(DATASET EXTRACT begins)

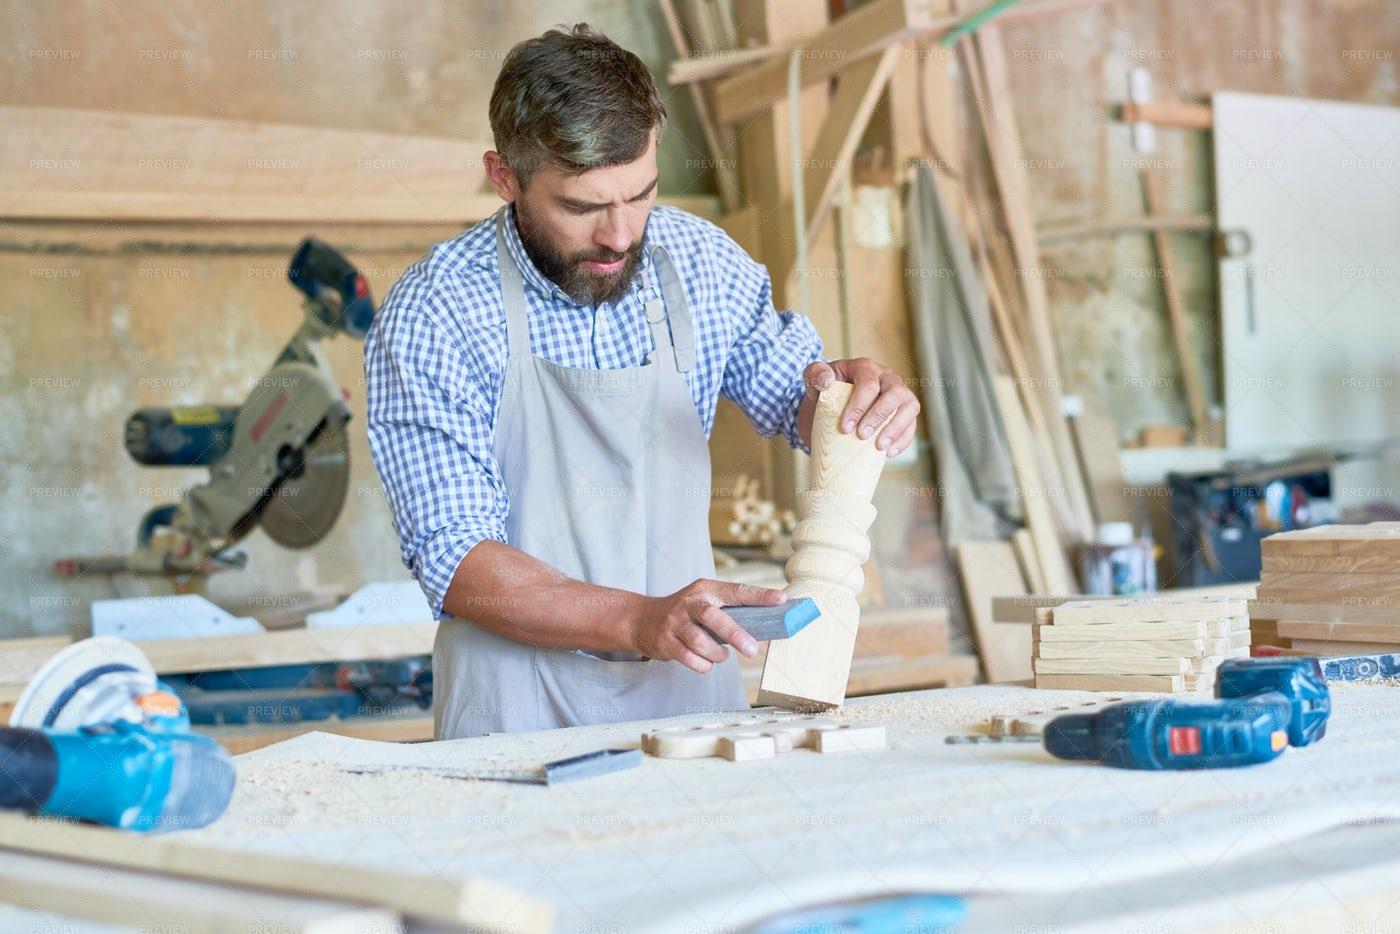 Bearded Carpenter Sanding Stair...: Stock Photos
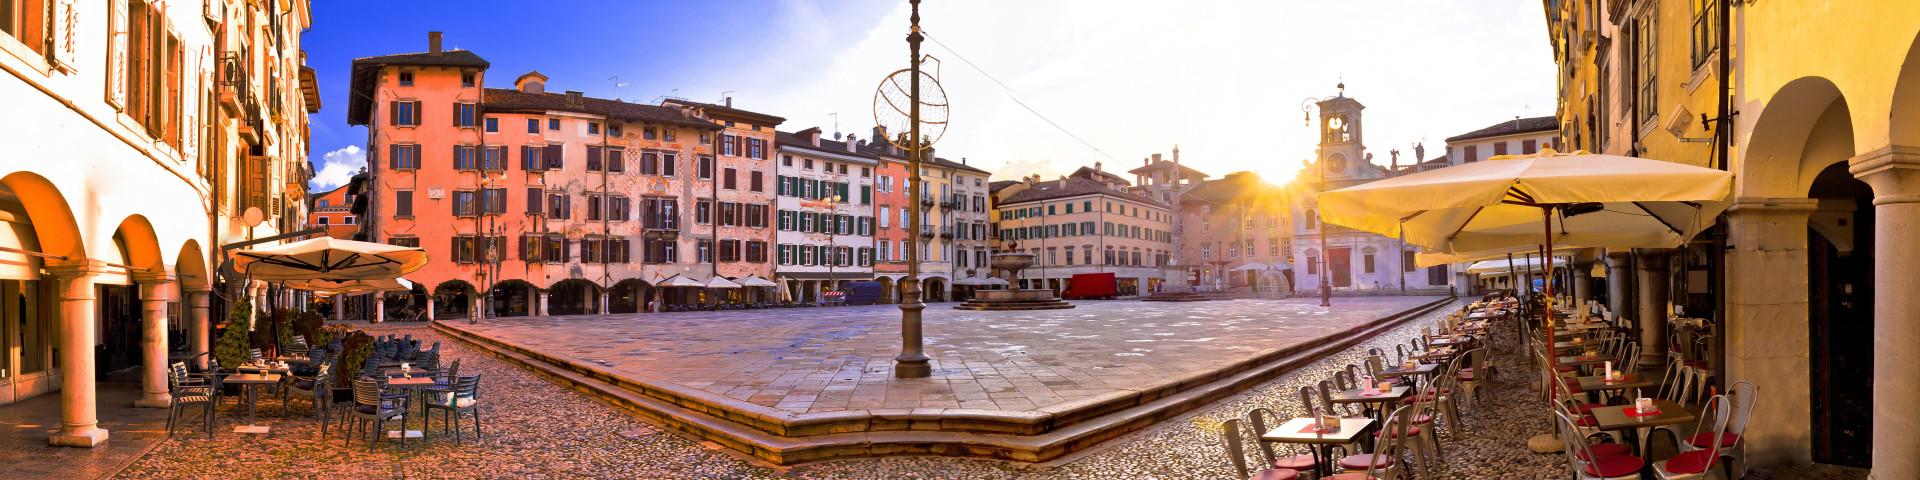 Udine - náměstí Piazza San Giacomo
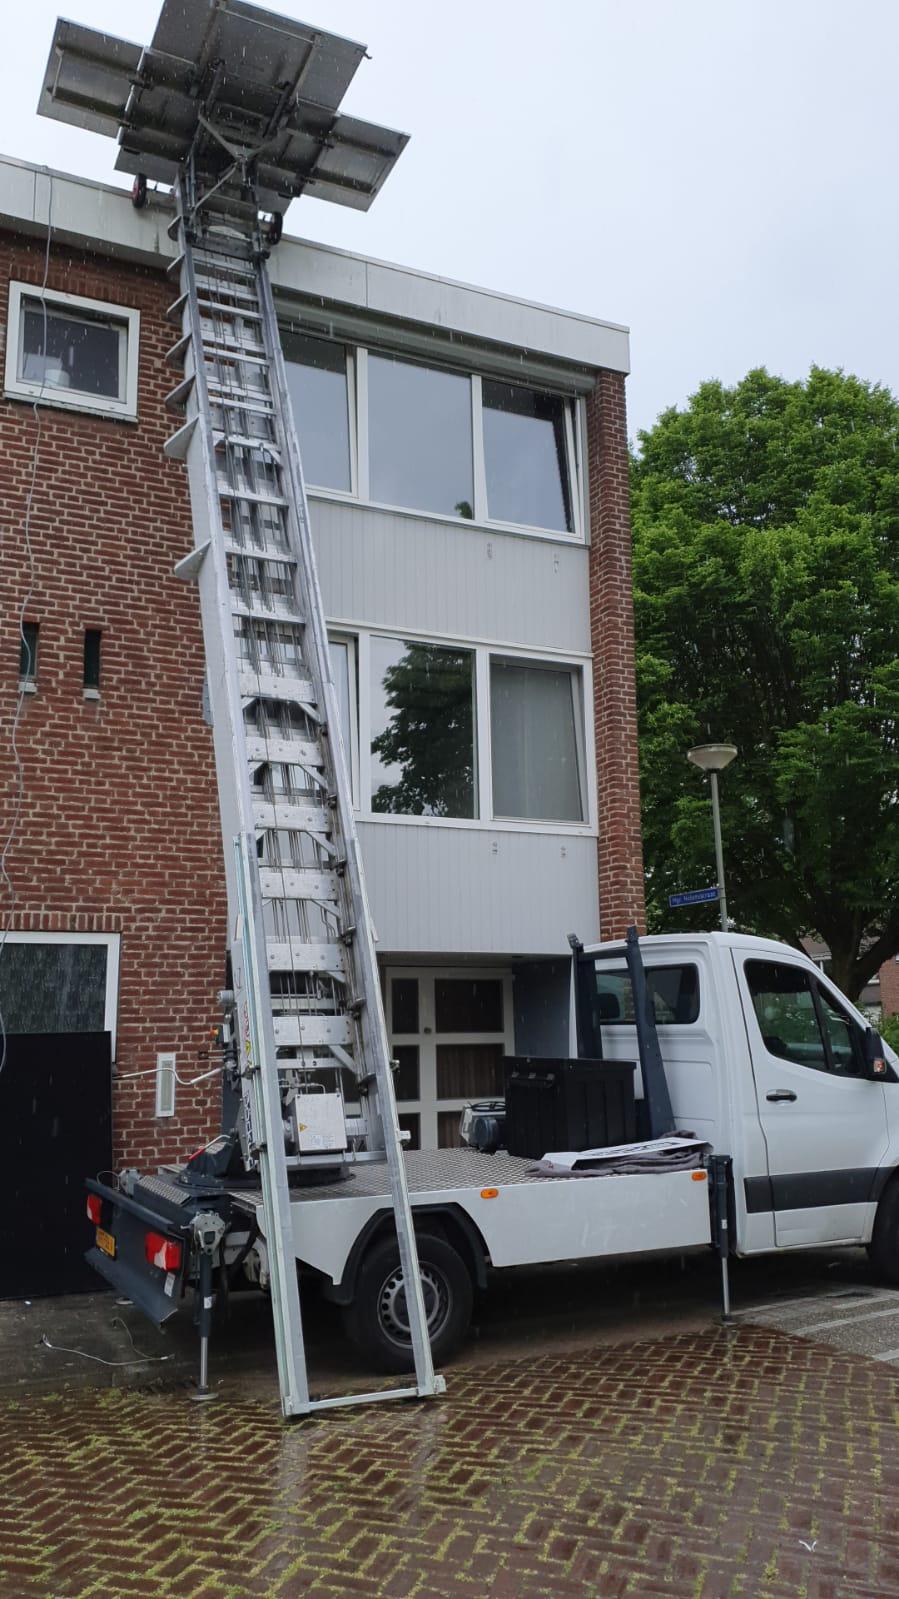 Verhuisliften specialist in Lelystad
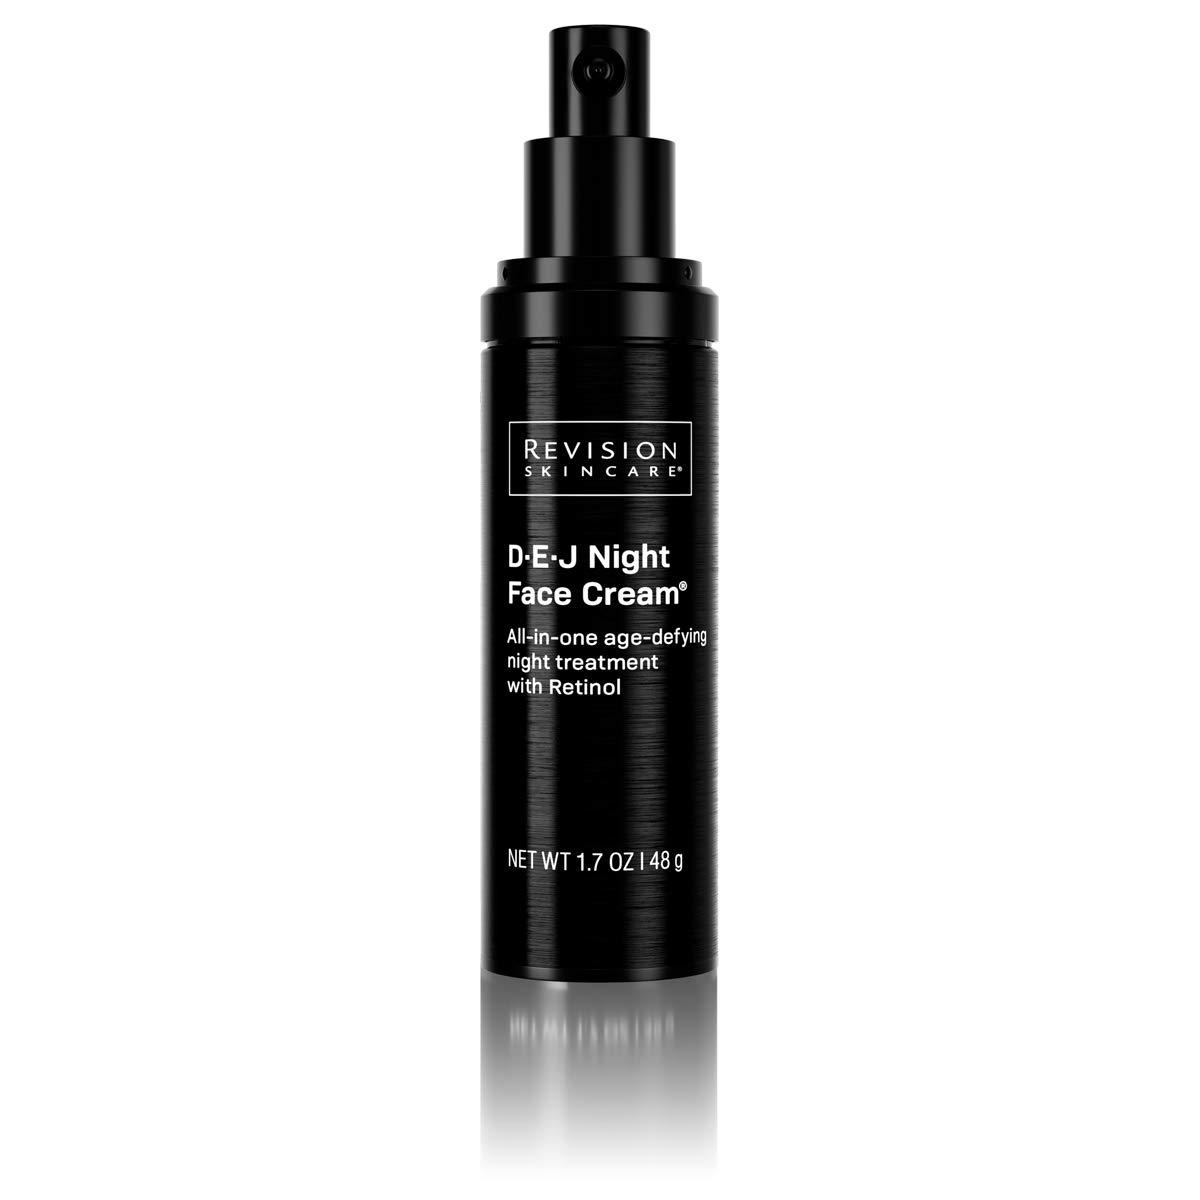 Revision Skincare D.E.J. Night Face Cream, 1.7 oz

(DATASET EXTRACT ends)

▶ PROBLEM TO SOLVE:
Please return all of the material above exactly, minus any pictures.

▶ ANSWER FOR THIS EXERCISE:
 Bearded Carpenter Sanding Stair...: Stock Photos
 Udine - náměstí Piazza San Giacomo
 Verhuisliften specialist in Lelystad
 Revision Skincare D.E.J. Night Face Cream, 1.7 oz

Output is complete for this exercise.